Given information →
++++++++++++++++++++

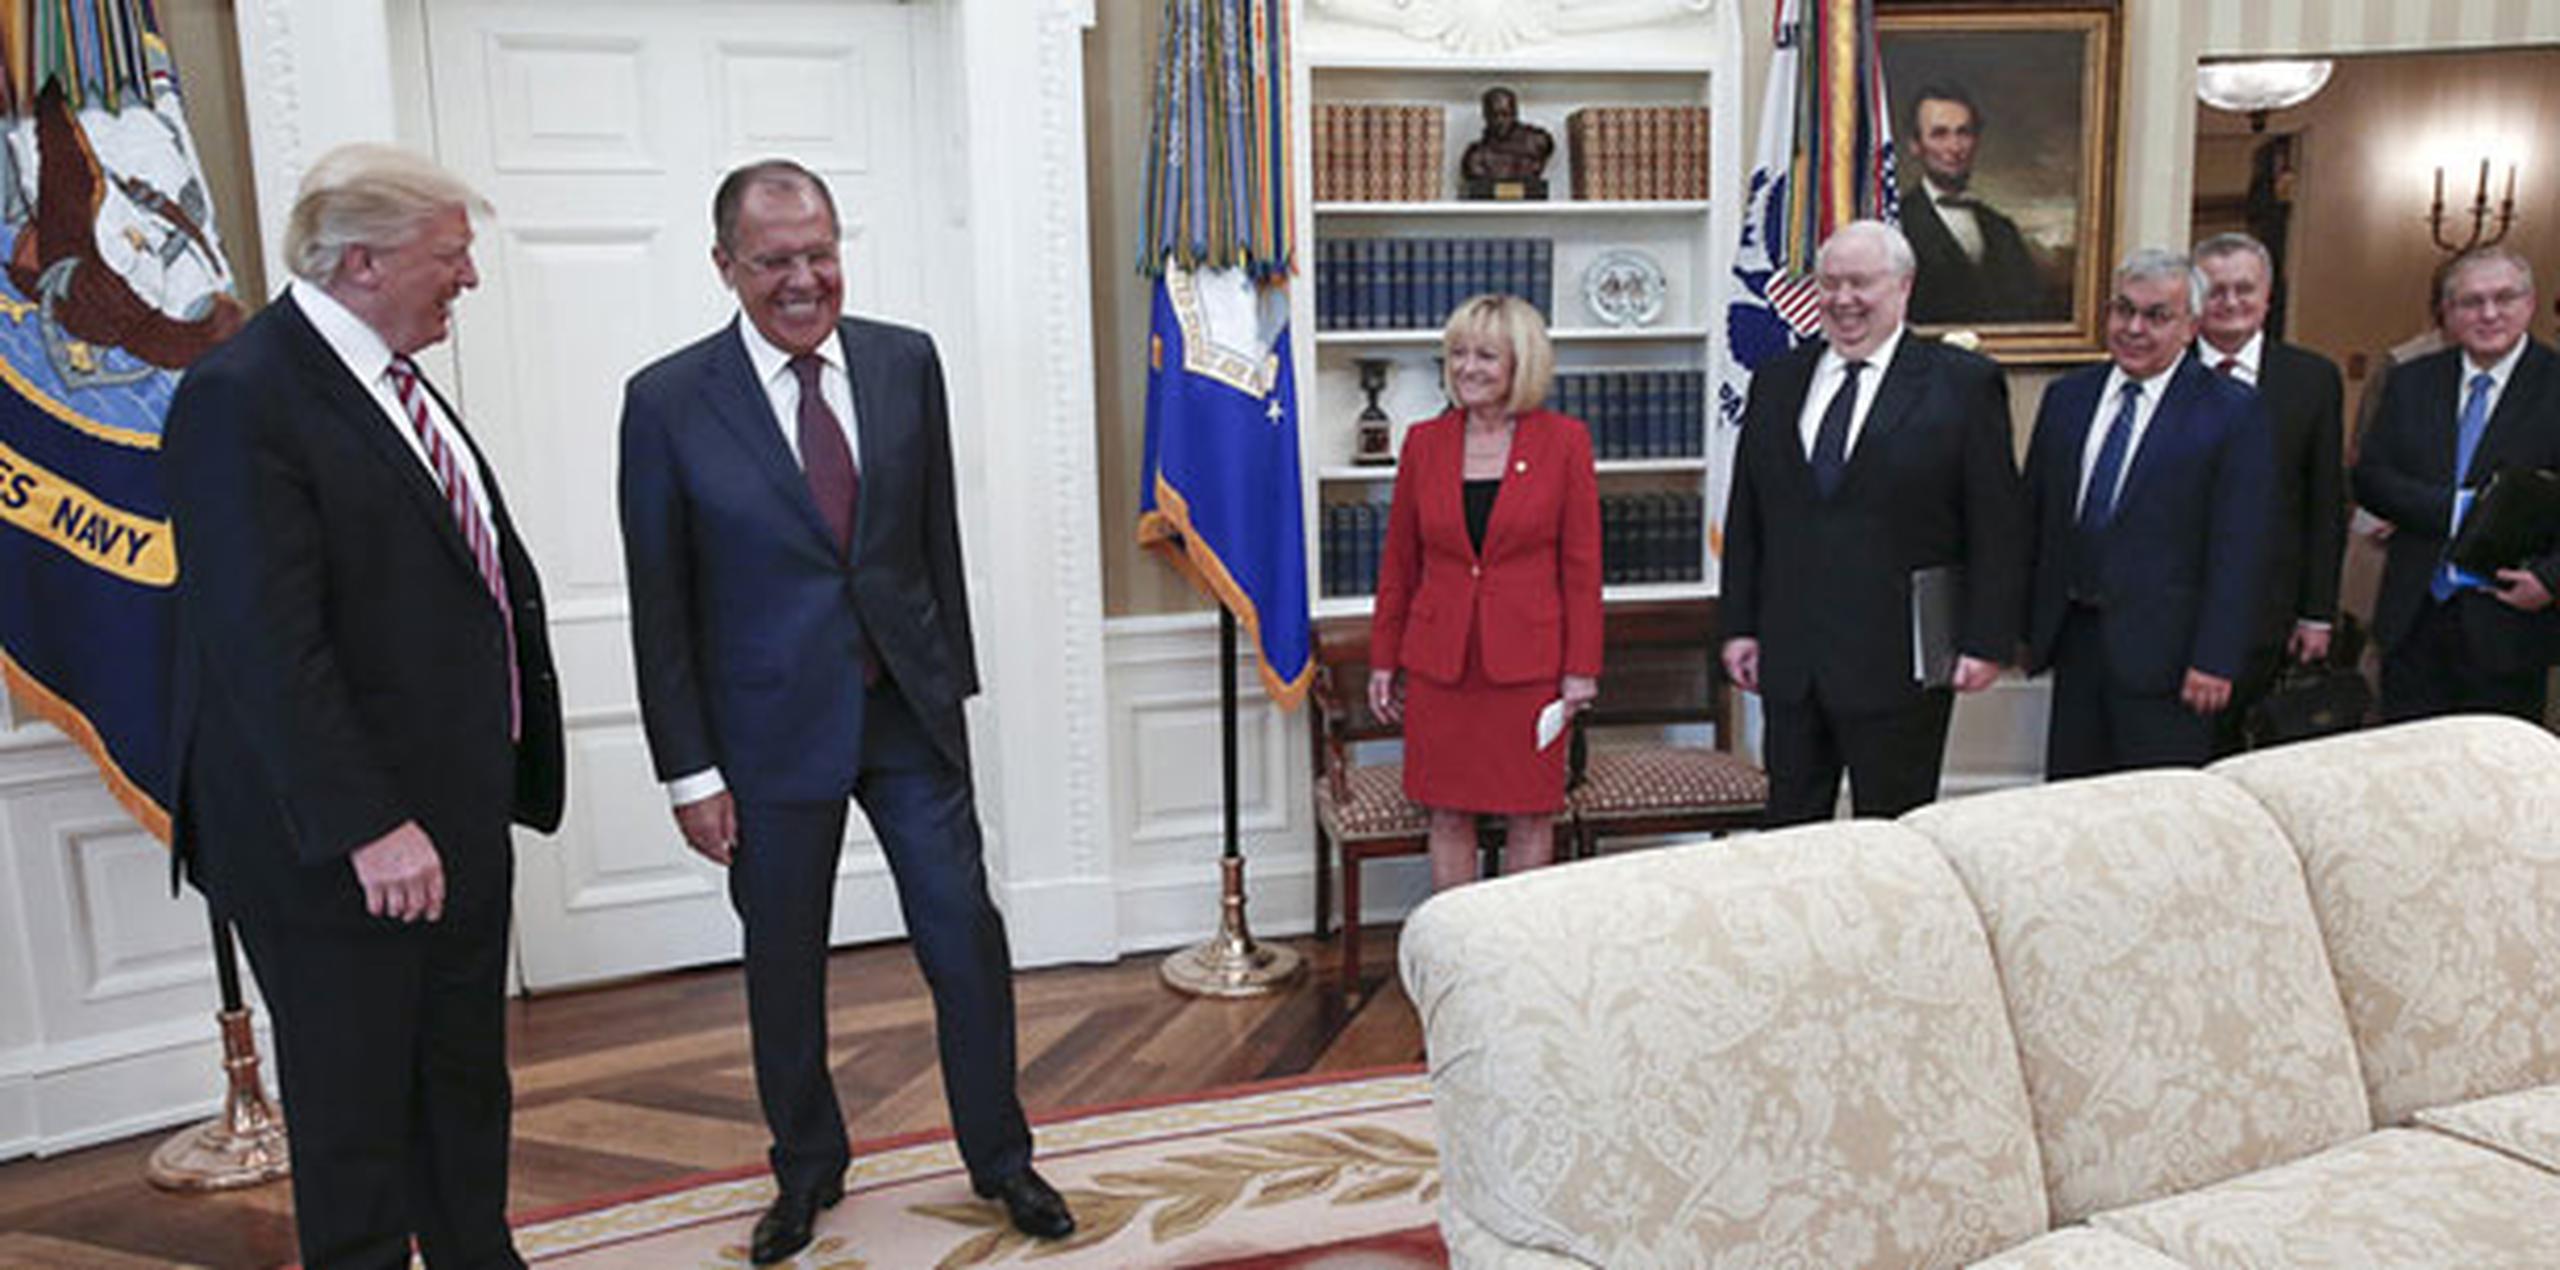 El fotógrafo, quien estuvo cerca de Trump cuando éste conversaba con el ministro de Relaciones Exteriores de Rusia Sergei Lavrov y con el embajador ruso ante Estados Unidos, Sergey Kislyak, había dicho que era el fotógrafo oficial de Lavrov.  (AP)
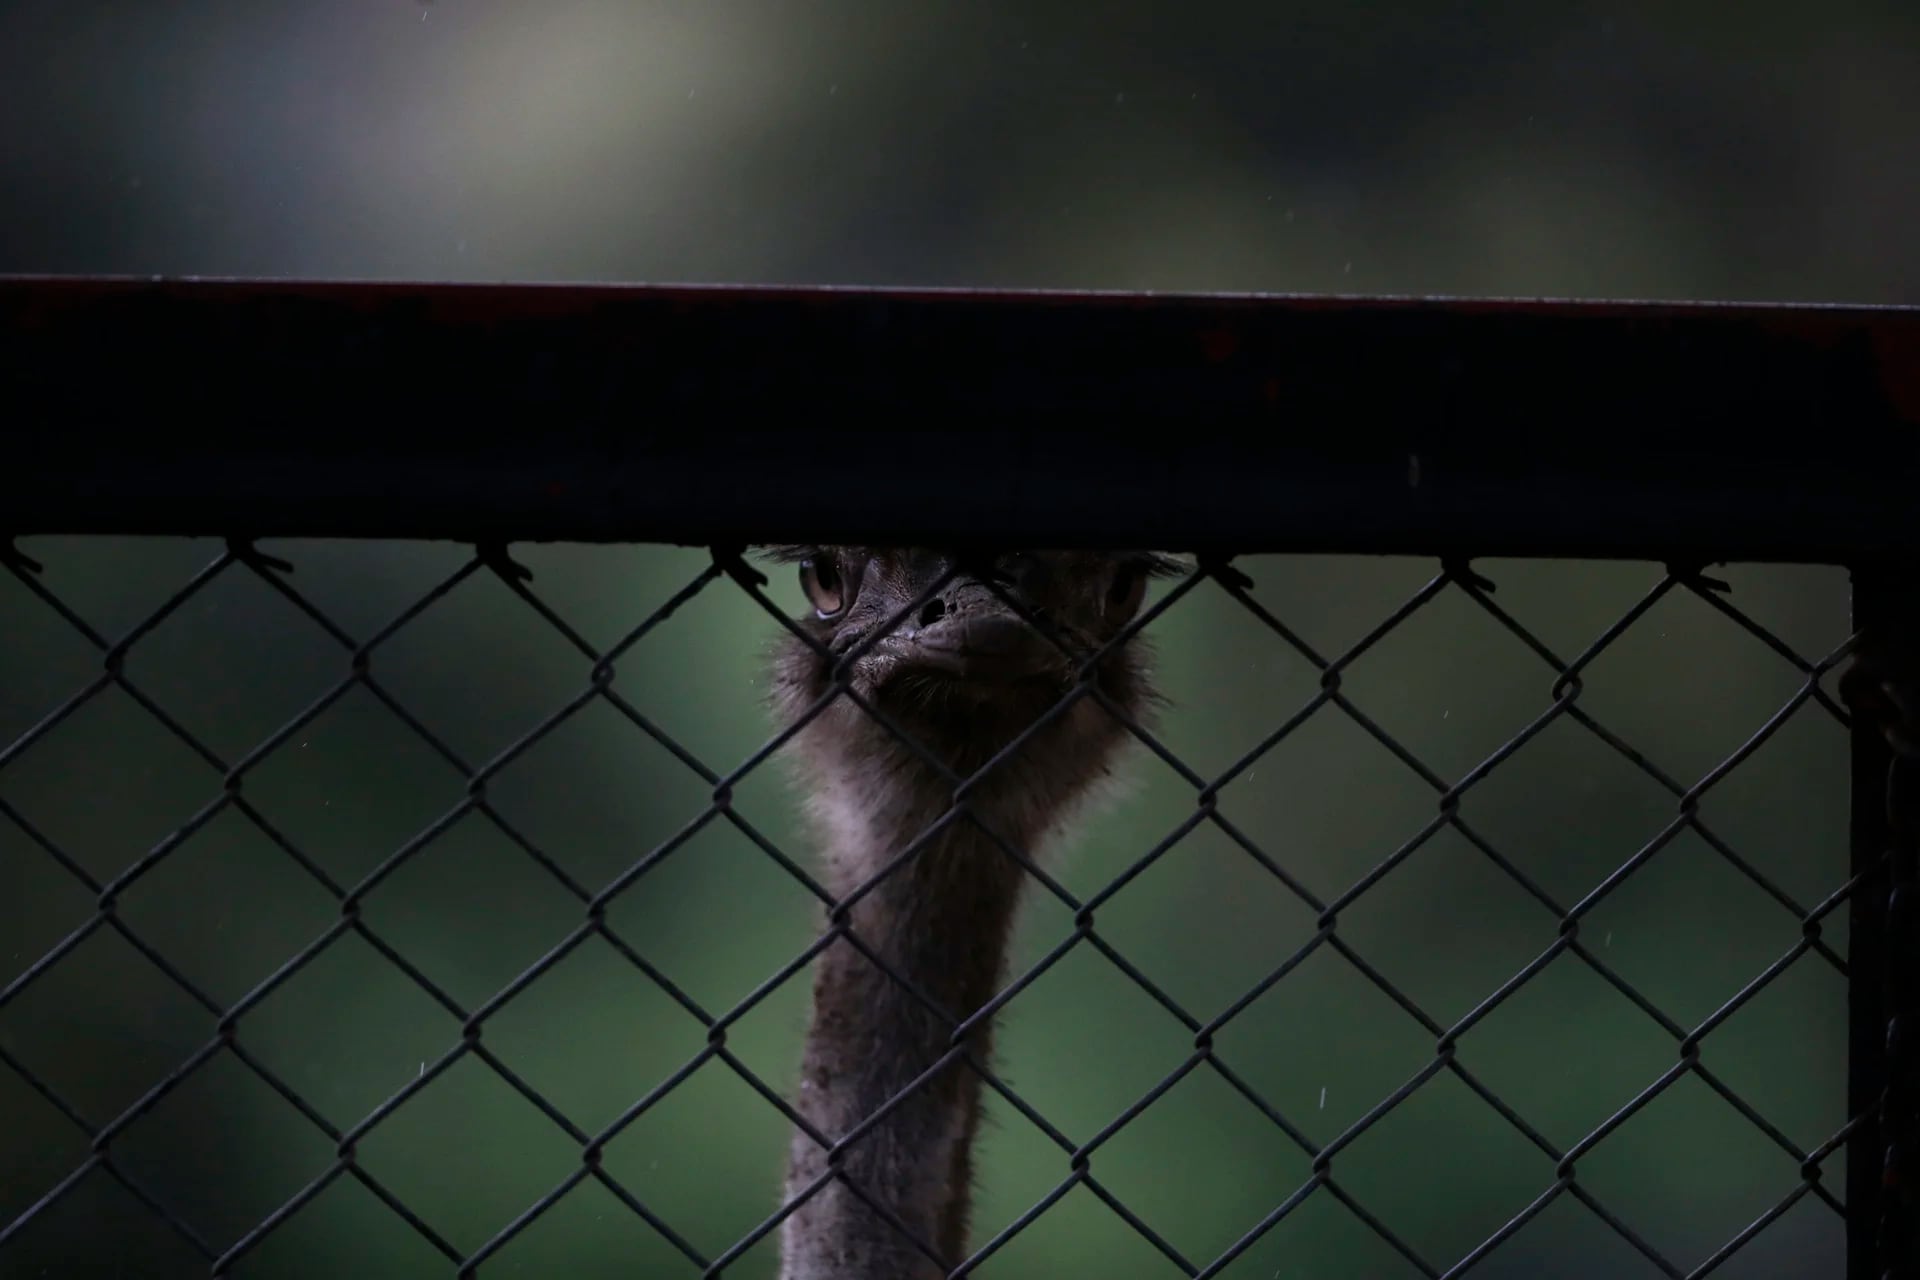 Un avestruz mira a través de la trama abierta de una valla de tela metálica
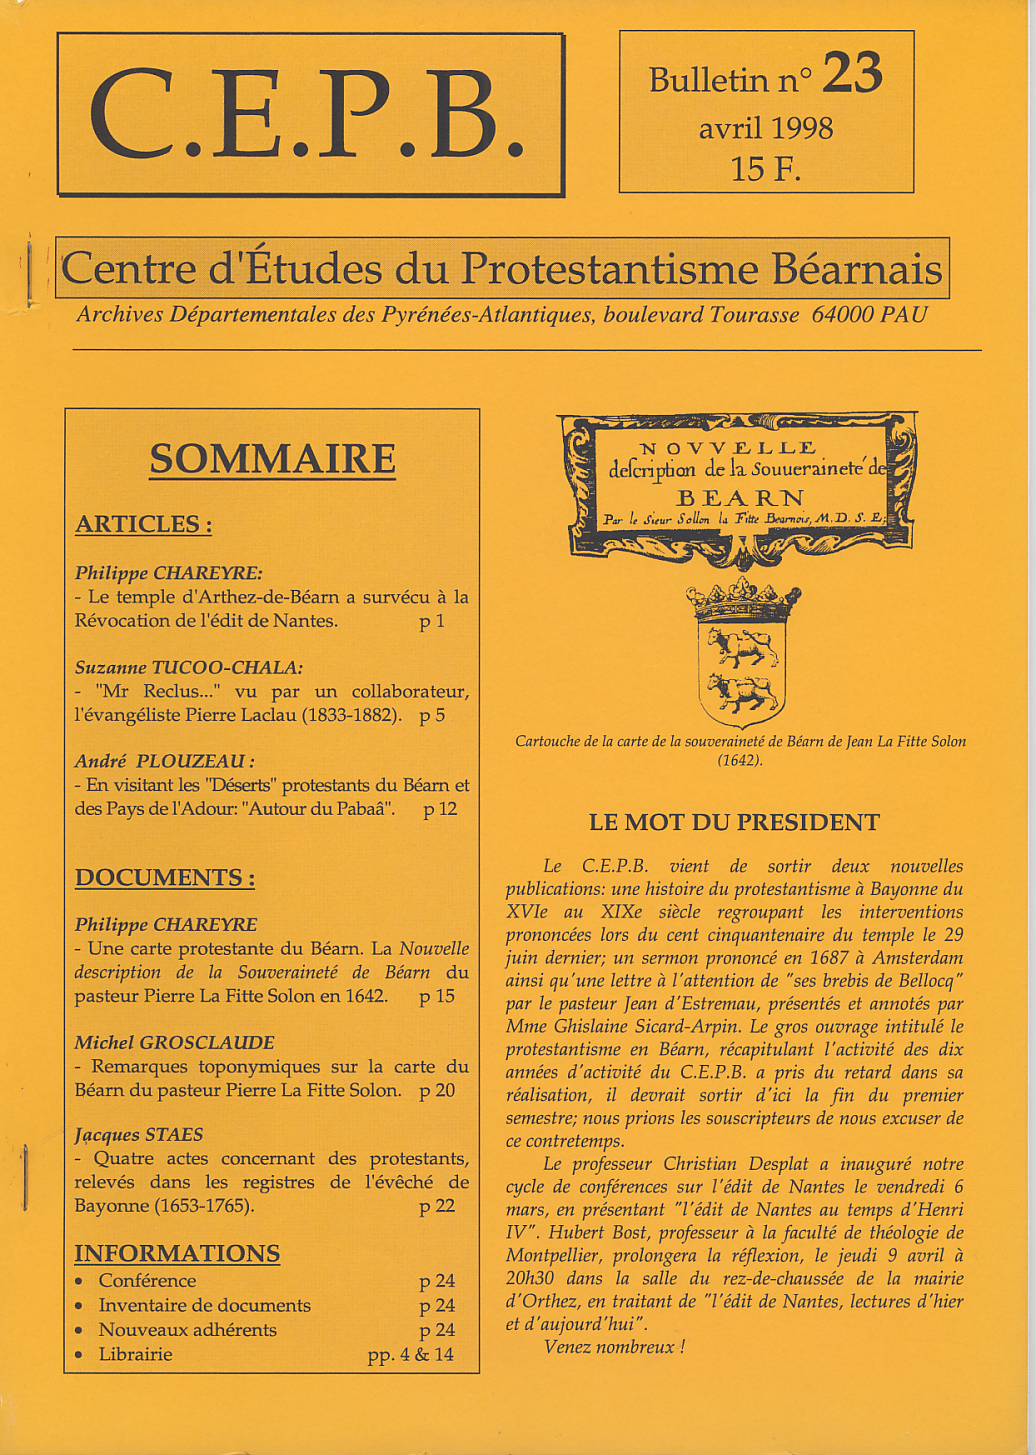 CEPB protestantisme Béarn bulletin 23
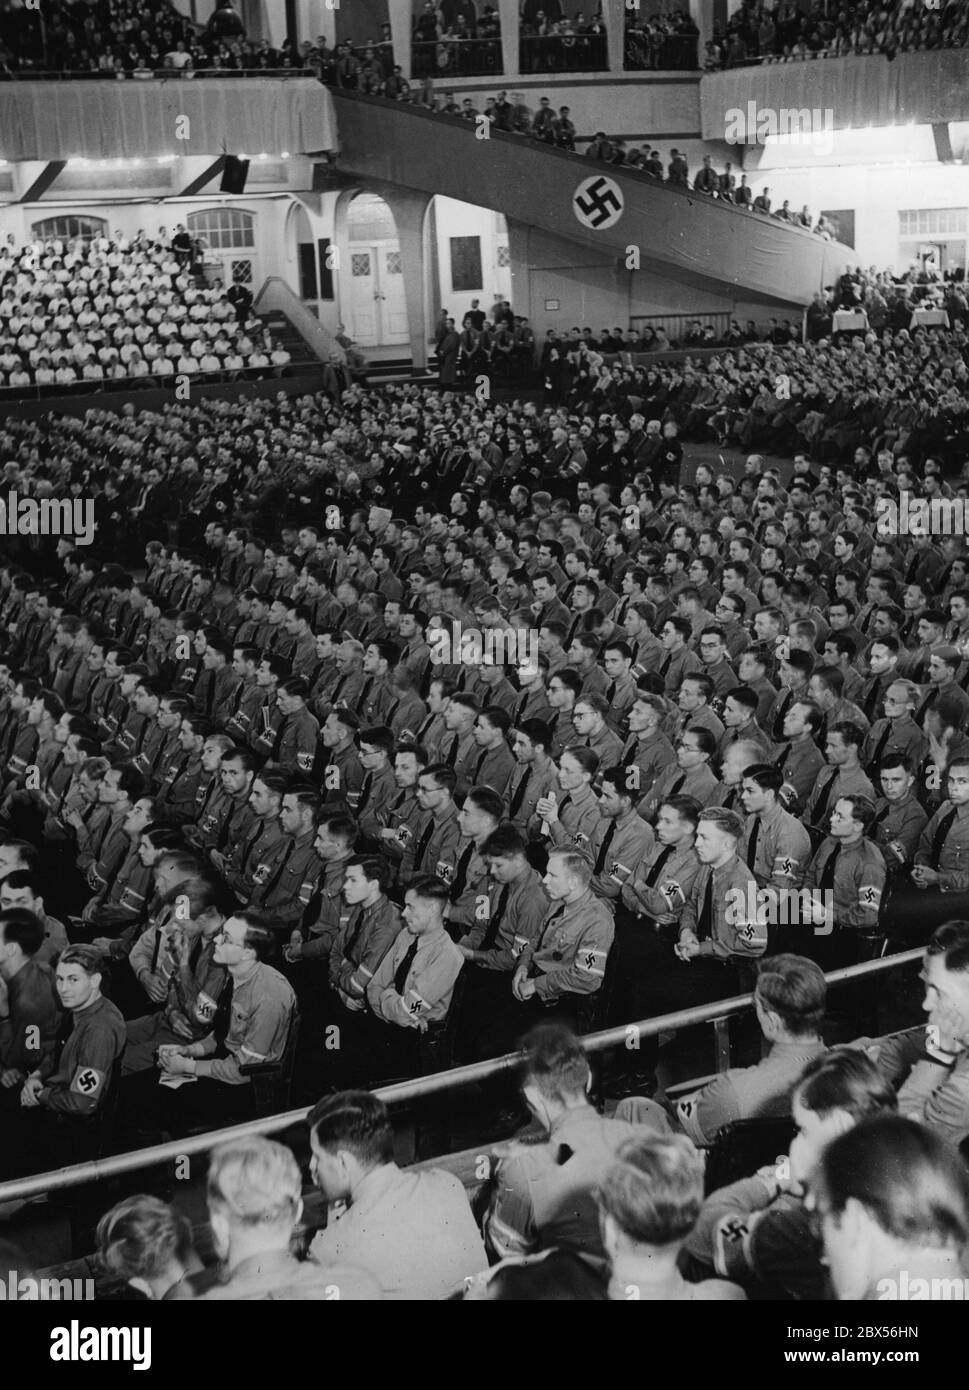 Vue d'un grand rassemblement au Berlin Sportpalast lors du discours de Joseph Goebbels à la fin de la journée des étudiants de Berlin. Banque D'Images

++++++++++++++++++++

What to work on → Please repeat the data above exactly as it appears, pictures excluded.

Solution to the exercise →
 El fotógrafo, quien estuvo cerca de Trump cuando éste conversaba con el ministro de Relaciones Exteriores de Rusia Sergei Lavrov y con el embajador ruso ante Estados Unidos, Sergey Kislyak, había dicho que era el fotógrafo oficial de Lavrov.  (AP)
 Un avestruz mira a través de la trama abierta de una valla de tela metálica
 CEPB protestantisme Béarn bulletin 23
 Vue d'un grand rassemblement au Berlin Sportpalast lors du discours de Joseph Goebbels à la fin de la journée des étudiants de Berlin. Banque D'Images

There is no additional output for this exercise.